Literature DB >> 32041366

Improved Deep CNN with Parameter Initialization for Data Analysis of Near-Infrared Spectroscopy Sensors.

Di Wang1, Fengchun Tian2, Simon X Yang3, Zhiqin Zhu4, Daiyu Jiang4, Bin Cai5.   

Abstract

Near-infrared (NIR) spectral sensors can deliver the spectral response of light absorbed by materials. Data analysis technology based on NIR sensors has been a useful tool for quality identification. In this paper, an improved deep convolutional neural network (CNN) with batch normalization and MSRA (Microsoft Research Asia) initialization is proposed to discriminate the tobacco cultivation regions using data collected from NIR sensors. The network structure is created with six convolutional layers and three full connection layers, and the learning rate is controlled by exponential attenuation method.

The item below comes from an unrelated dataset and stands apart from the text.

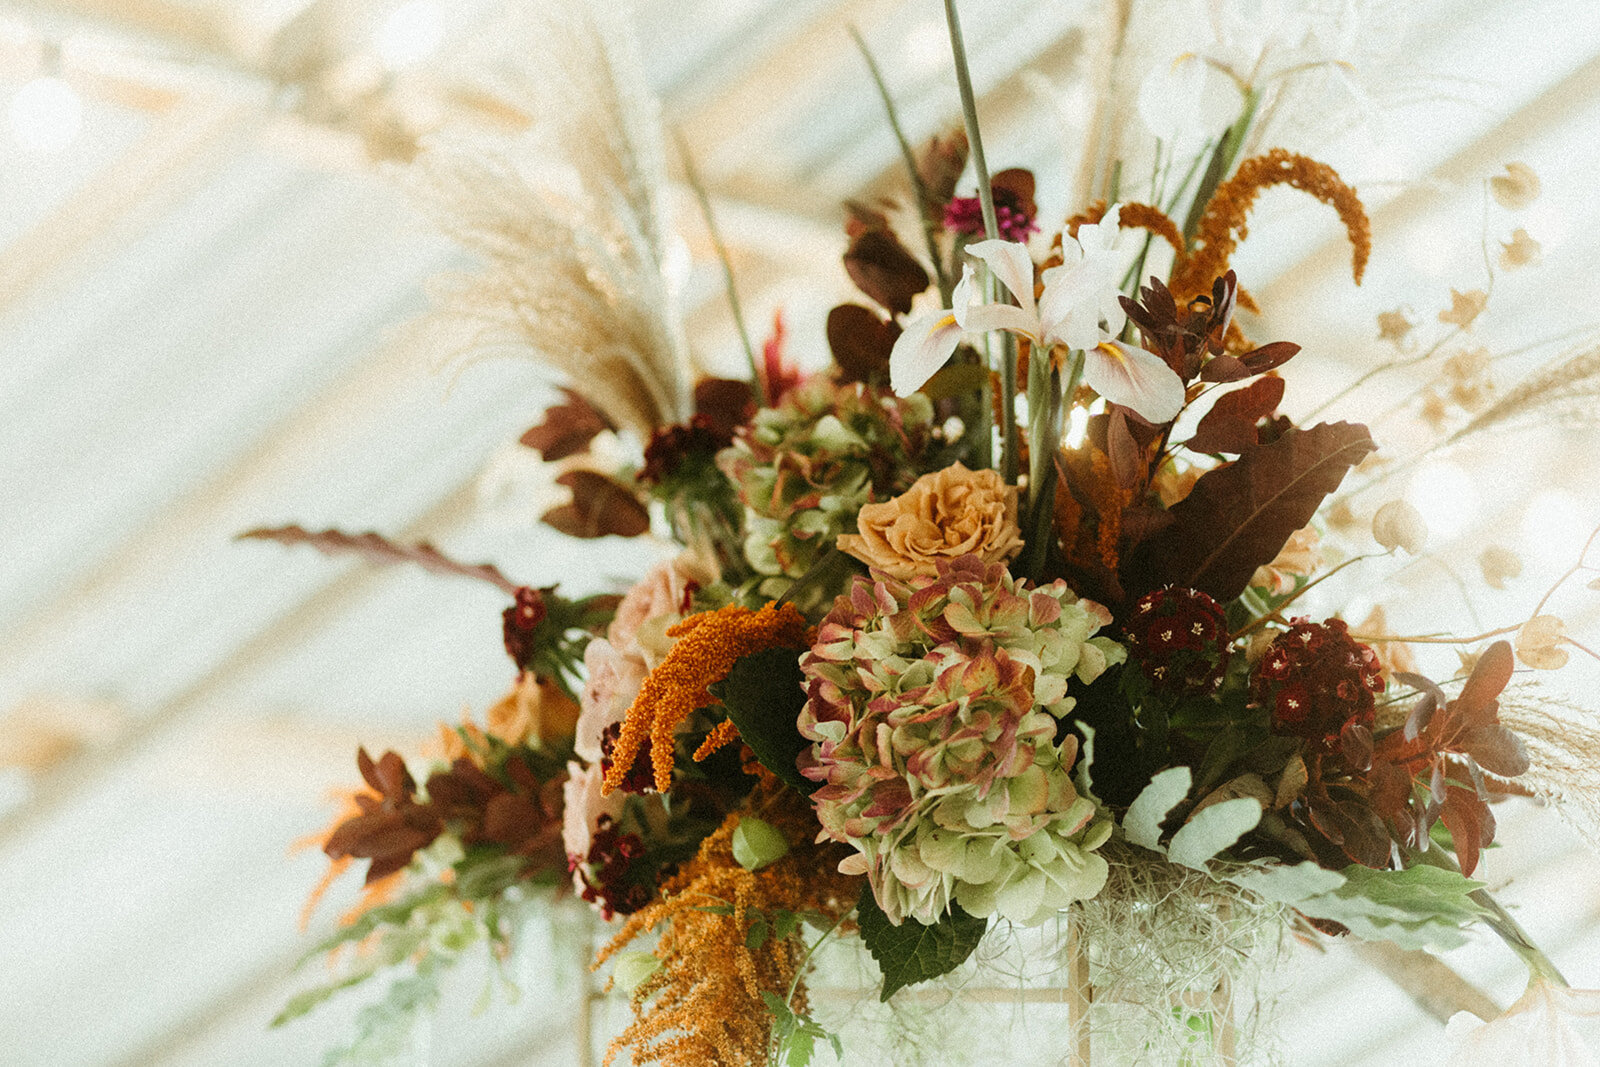 Botanica-greenhouse wedding-louisville wedding florist-fall wedding-dreamy flowers.jpg
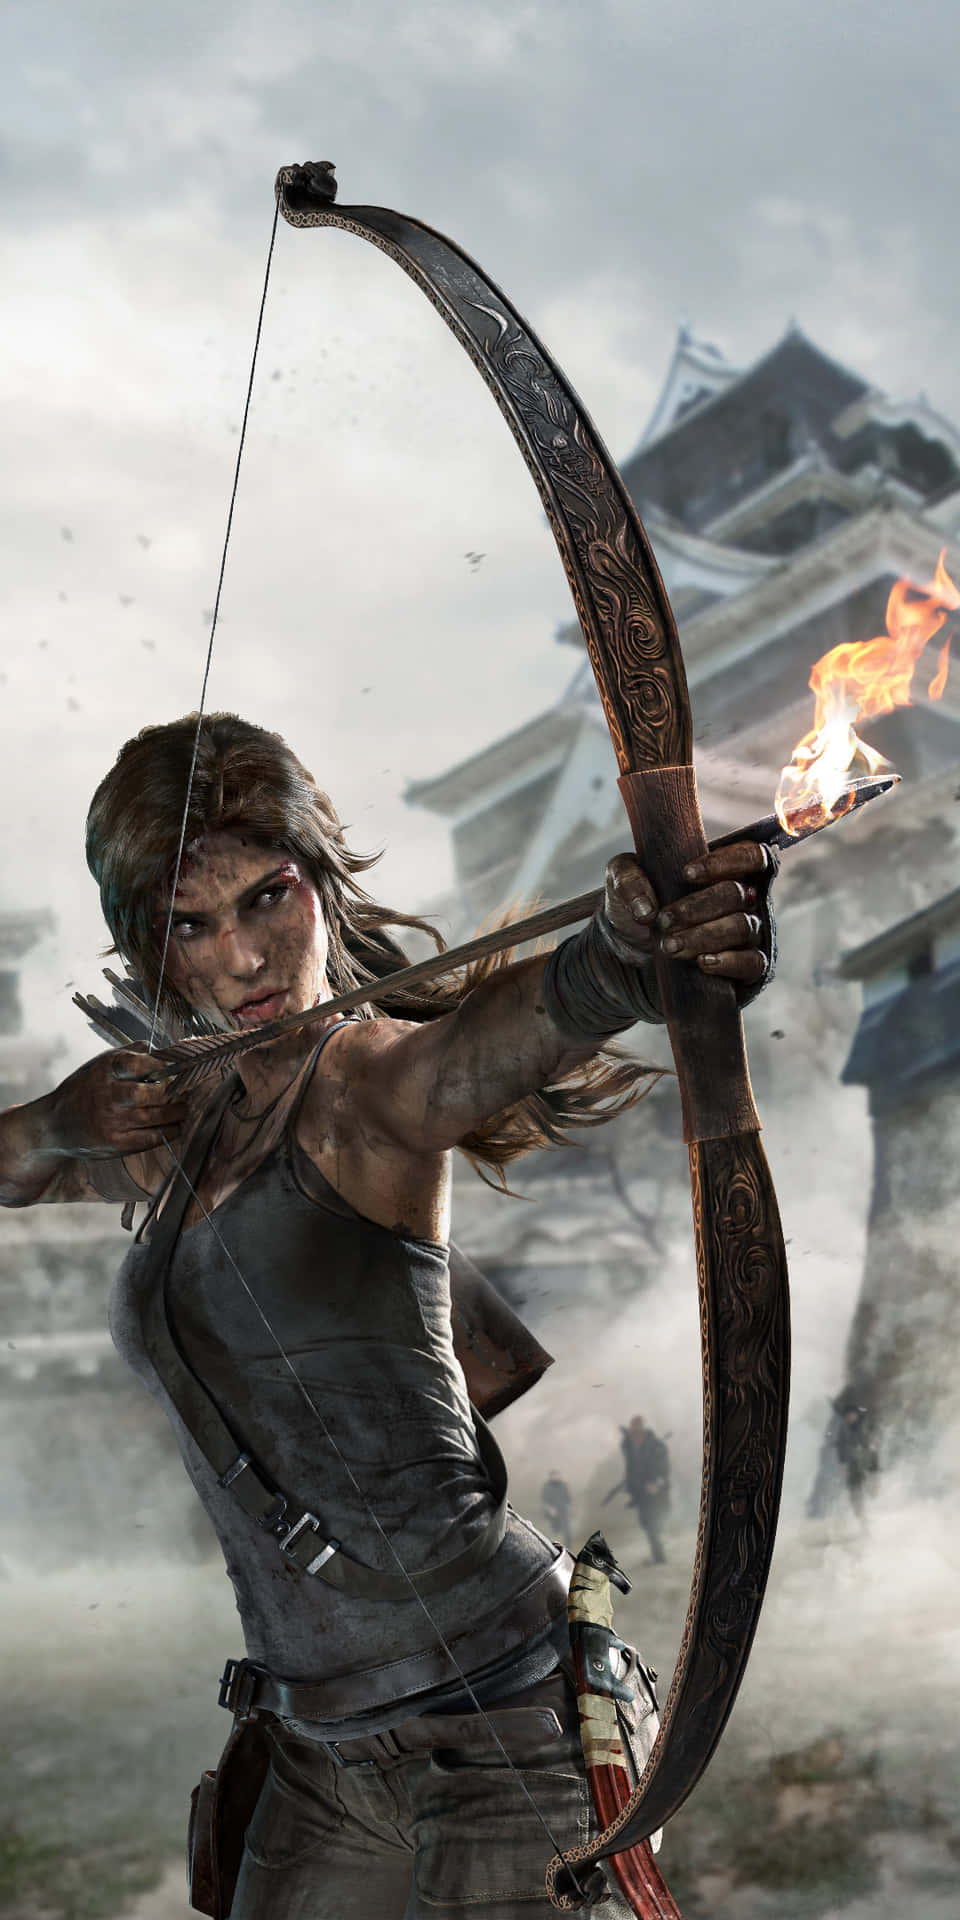 Androidrise Of The Tomb Raider Bakgrund Med Skjutande Vapen.

One-dimensional kernel is applied as the convolution kernel to extract features. Meanwhile, the methods of L2 regularization and dropout are used to avoid the overfitting problem, which improve the generalization ability of the network. Experimental results show that the proposed deep network structure can effectively extract the complex characteristics inside the spectrum, which proves that it has excellent recognition performance on tobacco cultivation region discrimination, and it also demonstrates that the deep CNN is more suitable for information mining and analysis of big data.

Entities:  

Keywords:  NIR sensor; convolutional neural network; cultivation region discrimination; data analysis

Year:  2020        PMID: 32041366     DOI: 10.3390/s20030874

Source DB:  PubMed          Journal:  Sensors (Basel)        ISSN: 1424-8220            Impact factor:   3.576


  1 in total

1.  Estimation of Soluble Solids for Stone Fruit Varieties Based on Near-Infrared Spectra Using Machine Learning Techniques.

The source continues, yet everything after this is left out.